I was always taught that swearing was the sign of a poor education.

I don't particularly enjoy reading swear words in the context of a straightforward post. If you want to get something off your chest leave it in the flame room.

As more and more swear words have been cropping up in the main forum area recently I have been waiting for our work's nannying software to block the TT Forum - I think the only reason it hasn't yet is one of the guys in IT has a TT

Mind you the old 'rule' of no swearing in front of the ladies doesn't seem to have worked as a visit yesterday to Barnsley enlightened me with quite a few overheard words from 'ladies' I'd not heard or considered in 'that' particular context before.


----------



## Wallsendmag

Did you agree to the rules when you signed up ?


----------



## KammyTT

who actually reads the terms and conditions :lol:


----------



## rustyintegrale

If swearing in posts is depriving other members from access because of nannying software or anything else, then we owe it those members to refrain from swearing.

What right do we (the offenders) have to prevent other members enjoying the forum in the same way as us?

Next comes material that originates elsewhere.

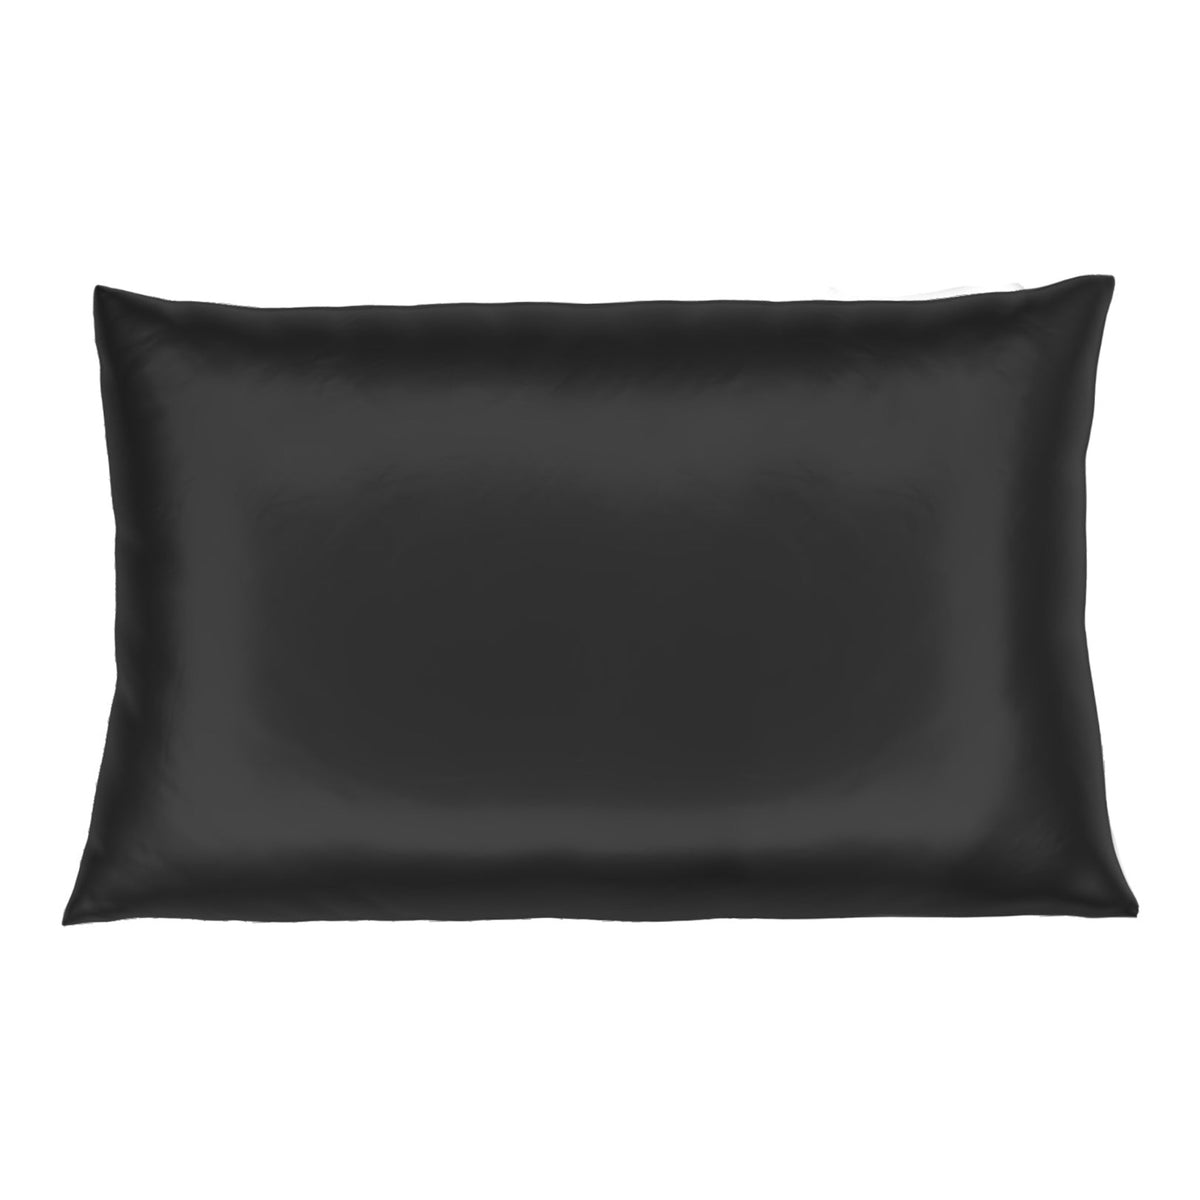 Mulberry Park Silks Deluxe 19 Momme Pure Silk Pillowcase in Black Color

I am guilty of swearing, of that there's no doubt. But I will at least try to sanitise, sterilise and remove all character from my posts from now on. :lol:

Cheers

Rich


----------



## roddy

rustyintegrale said:


> If swearing in posts is depriving other members from access because of nannying software or anything else, then we owe it those members to refrain from swearing.
> 
> What right do we (the offenders) have to prevent other members enjoying the forum in the same way as us?
> 
> I am guilty of swearing, of that there's no doubt. But I will at least try to sanitise, sterilise and remove all character from my posts from now on. :lol:
> 
> Cheers
> 
> Rich


and who are you trying to kid Rich,,,your posts will always maintain their character and will surely be neither sterile nor boring due to the omission of some sweary words,,, :wink:


----------



## roddy

wallsendmag said:


> Did you agree to the rules when you signed up ?


rules are for bending, (advancment )
rules are for changing (progress)
rules are for breaking (revolution)
decorum is for maintaining :wink: :wink:


----------



## Wallsendmag

roddy said:


> wallsendmag said:
> 
> 
> 
> Did you agree to the rules when you signed up ?
> 
> 
> 
> rules are for bending, (advancment )
> rules are for changing (progress)
> rules are for breaking (revolution)
> decorum is for maintaining :wink: :wink:
Click to expand...

I wish I could swear :lol:


----------



## roddy

wallsendmag said:


> roddy said:
> 
> 
> 
> 
> 
> wallsendmag said:
> 
> 
> 
> Did you agree to the rules when you signed up ?
> 
> 
> 
> rules are for bending, (advancment )
> rules are for changing (progress)
> rules are for breaking (revolution)
> decorum is for maintaining :wink: :wink:
> 
> Click to expand...
> 
> I wish I could swear :lol:
Click to expand...

i think some one is trying to raise the standards ,, tho obviously this is not to every ones liking,, [smiley=bomb.gif] [smiley=bomb.gif]


----------



## KammyTT

andy i never knew you were so :roll: :roll: :roll:


----------



## UKLooney

1984?


----------



## lego man

Hi all,

I think the word that you guys are all missing is the word " reasonable "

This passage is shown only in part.